His legendary refusal to admit mistakes or to concede that the story might be bigger than him has never been so apparent as in the hourlong special, Dan Rather: A Reporter Remembers, which CBS aired Wednesday night after the news. There he was, sneering at Richard Nixon, arguing with George H.W. Bush, then chalking it up, unapologetically, to ''passion.'' And when Nixon left the White House for the final time, his presidency in ruins, the camera lingered not on his departing helicopter, but on Rather, sitting back on the landing pad.
But even A Reporter Remembers shied away from showing some other notorious Rather moments: the night he stormed off the Evening News set in a tantrum, leaving the network dark for six minutes; or his appearance as an honored guest at a Democratic Party fundraiser in Texas.

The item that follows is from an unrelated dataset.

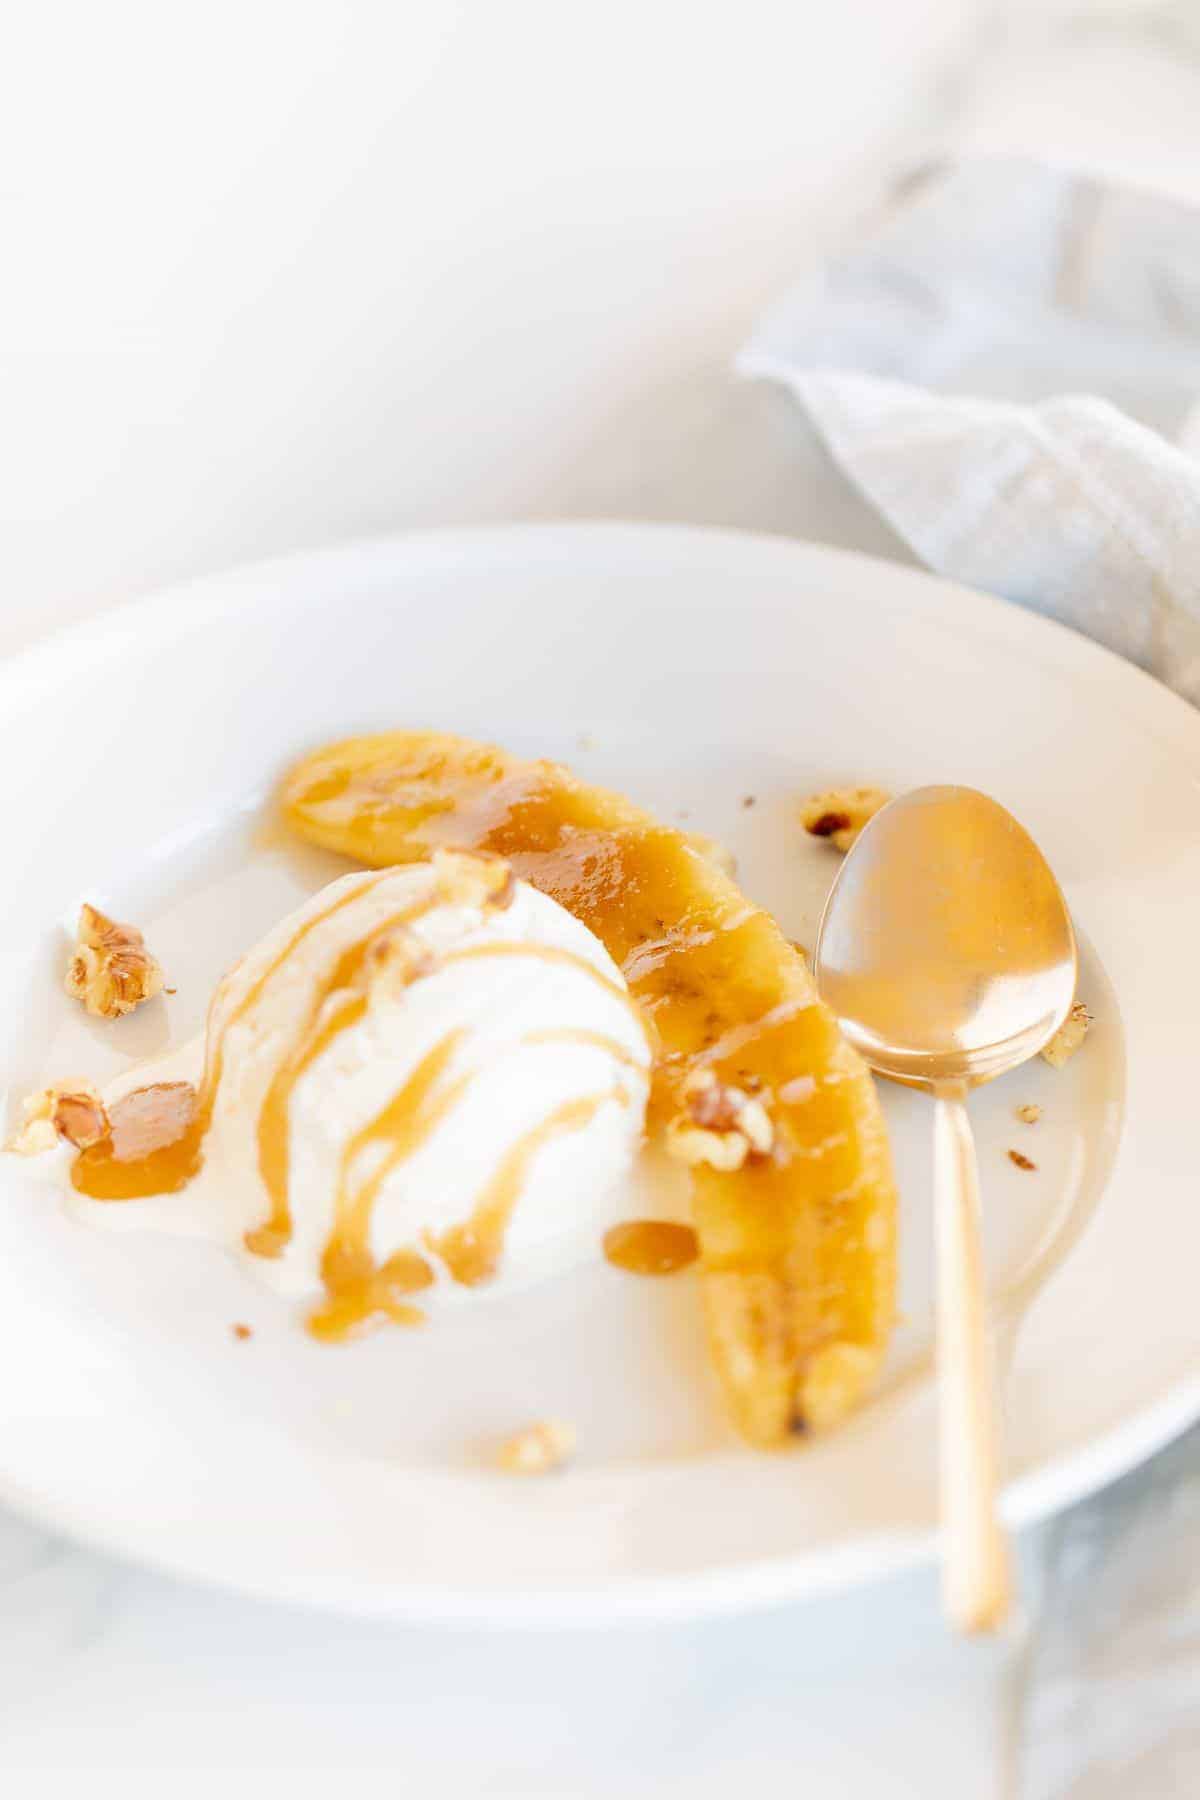 A serving of bananas foster on a white plate, drizzled with caramel sauce and nuts.

The most prominent omission of all was that of Rather's recent absurd claims that an independent panel's brutally critical report on his story last year about President Bush's Vietnam-era National Guard service was actually an exoneration.

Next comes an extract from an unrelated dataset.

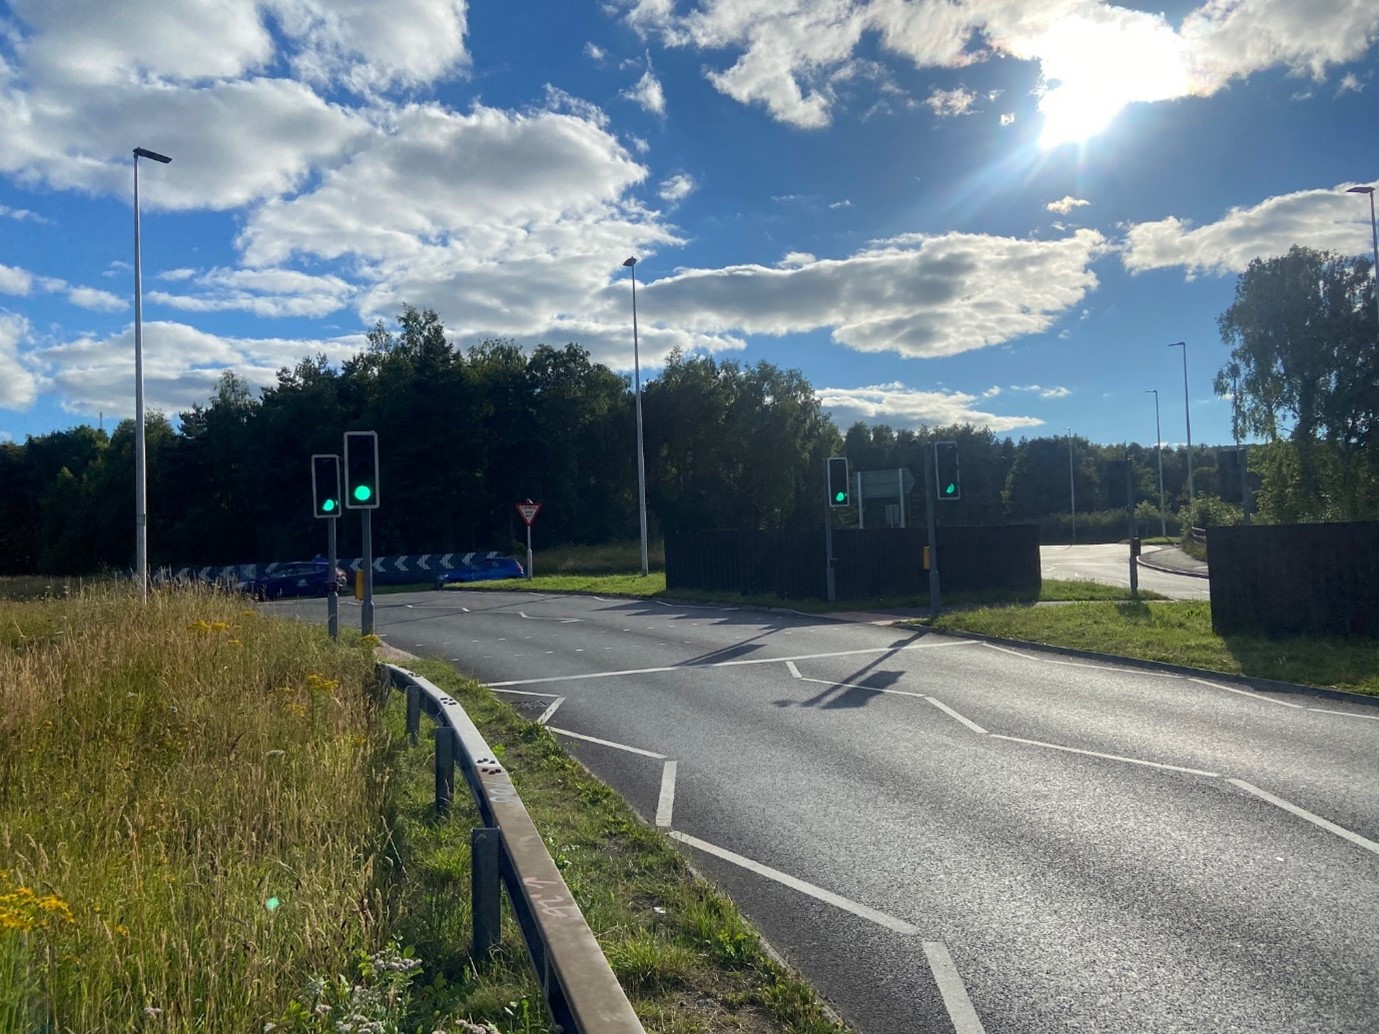 Image 2: A4042 Southbound approaching the new pedestrian crossing.

The panel couldn't find a single expert who believed in the validity of the documents on which Rather's story was based. Rather nonetheless declared victory: ''Although they had four months and millions of dollars, they could not demonstrate that the documents were not authentic,'' he bragged during an appearance on Late Show with David Letterman last month. The New York Times' motto is all the news that's fit to print; Rather was suggesting that that CBS prefers the more flexible all the news that is not proven false beyond the shadow of a doubt.
Rather's sad, shabby defense reminded me of The Amazing Criswell, a popular psychic of the 1950s whose predictions included Fidel Castro would be assassinated in 1970, New Mexico would be given back to the Indians in 1976, and the Atlantic Ocean would swallow most of Florida by 1979. Most infamously, he appeared at the end of a god-awful science-fiction flick about an alien takeover of the Earth called Plan 9 From Outer Space and demanded of the audience: ''Can you prove that it didn't happen?'' The final chapter of Dan Rather's anchor career was to turn his network into the Criswell Broadcasting System.